This guide walks you through setting up a local analytics engineering environment using DuckDB and dbt.
Note
This guide will explain how to do the setup manually. If you want an additional challenge, try to run this setup using Docker Compose or a Python virtual environment.
Important: All dbt commands must be run from inside the taxi_rides_ny/ directory. The setup steps below will guide you through:
- Installing the necessary tools
- Configuring your connection to DuckDB
- Loading the NYC taxi data
- Verifying everything works
DuckDB is a fast, in-process SQL database that works great for local analytics workloads. To install DuckDB, follow the instruction on the official site for your specific operating system.
Tip
You can install DuckDB in two ways. You can install the CLI or install the client API for your favorite programming language (in the case of Python, you can use pip install duckdb). I personally prefer installing the CLI, but either way is fine.

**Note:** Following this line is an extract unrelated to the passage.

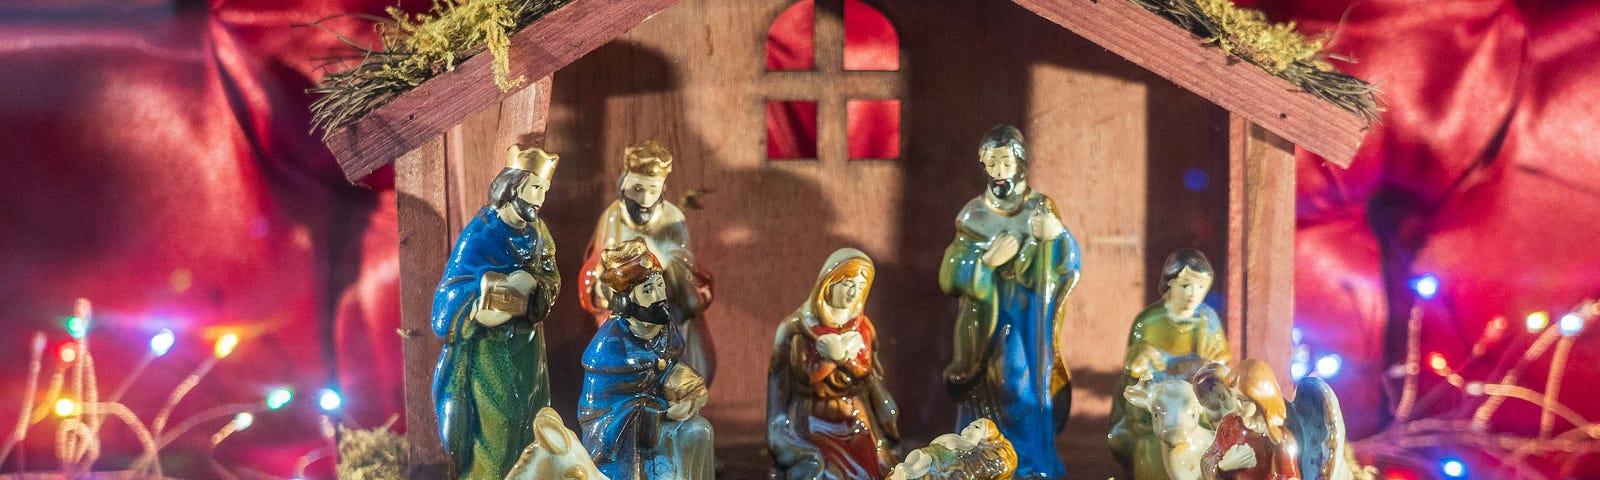 This shows a manger with lights in front of a red background.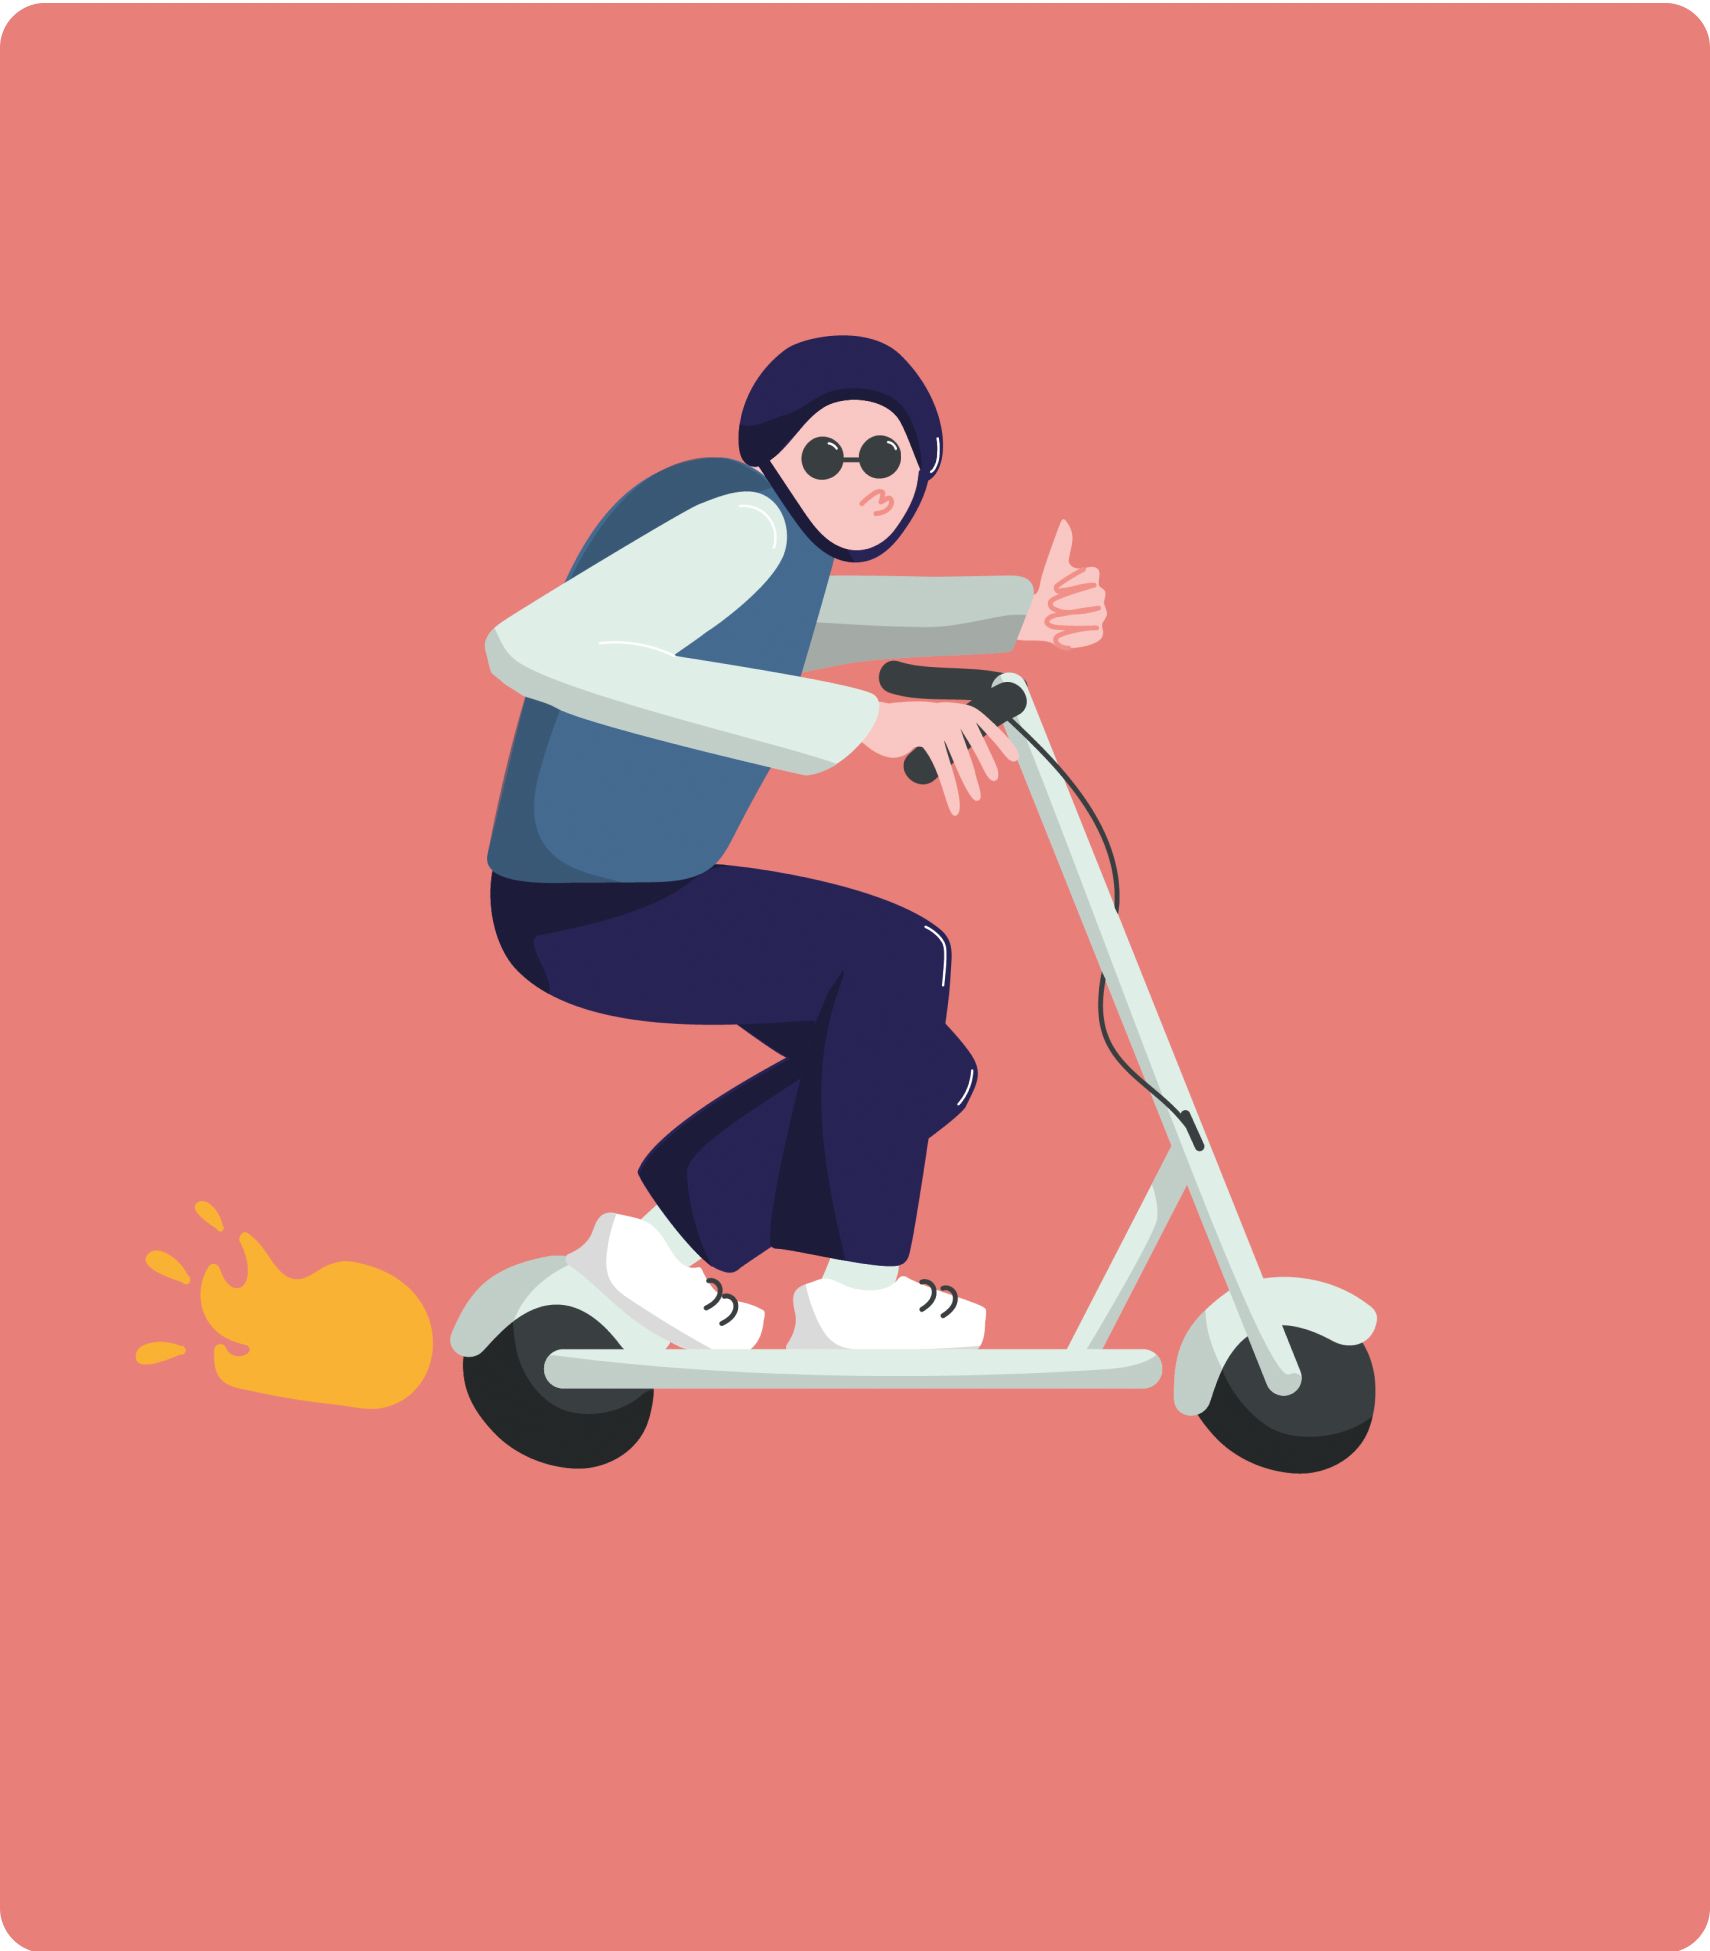 Illustration of a person riding an e-scooter and giving a thumbs up.

pip install dbt-duckdbThis installs:
dbt-core: The core dbt frameworkdbt-duckdb: The DuckDB adapter for dbt
Since this repository already contains a dbt project (taxi_rides_ny/), you don't need to run dbt init. Instead, you need to configure your dbt profile to connect to DuckDB.
The dbt profile tells dbt how to connect to your database. Create or update the file ~/.dbt/profiles.yml with the following content:
taxi_rides_ny:
target: dev
outputs:
# DuckDB Development profile
dev:
type: duckdb
path: taxi_rides_ny.duckdb
schema: dev
threads: 1
extensions:
- parquet
settings:
memory_limit: '2GB'
preserve_insertion_order: false
# DuckDB Production profile
prod:
type: duckdb
path: taxi_rides_ny.duckdb
schema: prod
threads: 1
extensions:
- parquet
settings:
memory_limit: '2GB'
preserve_insertion_order: false
# Troubleshooting:
# - If you have less than 4GB RAM, try setting memory_limit to '1GB'
# - If you have 16GB+ RAM, you can increase to '4GB' for faster builds
# - Expected build time: 5-10 minutes on most systemsNow that your dbt profile is configured, let's load the taxi data into DuckDB. Navigate to the dbt project directory and run the ingestion script
import duckdb
import requests
from pathlib import Path
BASE_URL = "https://github.com/DataTalksClub/nyc-tlc-data/releases/download"
def download_and_convert_files(taxi_type):
data_dir = Path("data") / taxi_type
data_dir.mkdir(exist_ok=True, parents=True)
for year in [2019, 2020]:
for month in range(1, 13):
parquet_filename = f"{taxi_type}_tripdata_{year}-{month:02d}.parquet"
parquet_filepath = data_dir / parquet_filename
if parquet_filepath.exists():
print(f"Skipping {parquet_filename} (already exists)")
continue
# Download CSV.gz file
csv_gz_filename = f"{taxi_type}_tripdata_{year}-{month:02d}.csv.gz"
csv_gz_filepath = data_dir / csv_gz_filename
response = requests.get(f"{BASE_URL}/{taxi_type}/{csv_gz_filename}", stream=True)
response.raise_for_status()
with open(csv_gz_filepath, 'wb') as f:
for chunk in response.iter_content(chunk_size=8192):
f.write(chunk)
print(f"Converting {csv_gz_filename} to Parquet...")
con = duckdb.connect()
con.execute(f"""
COPY (SELECT * FROM read_csv_auto('{csv_gz_filepath}'))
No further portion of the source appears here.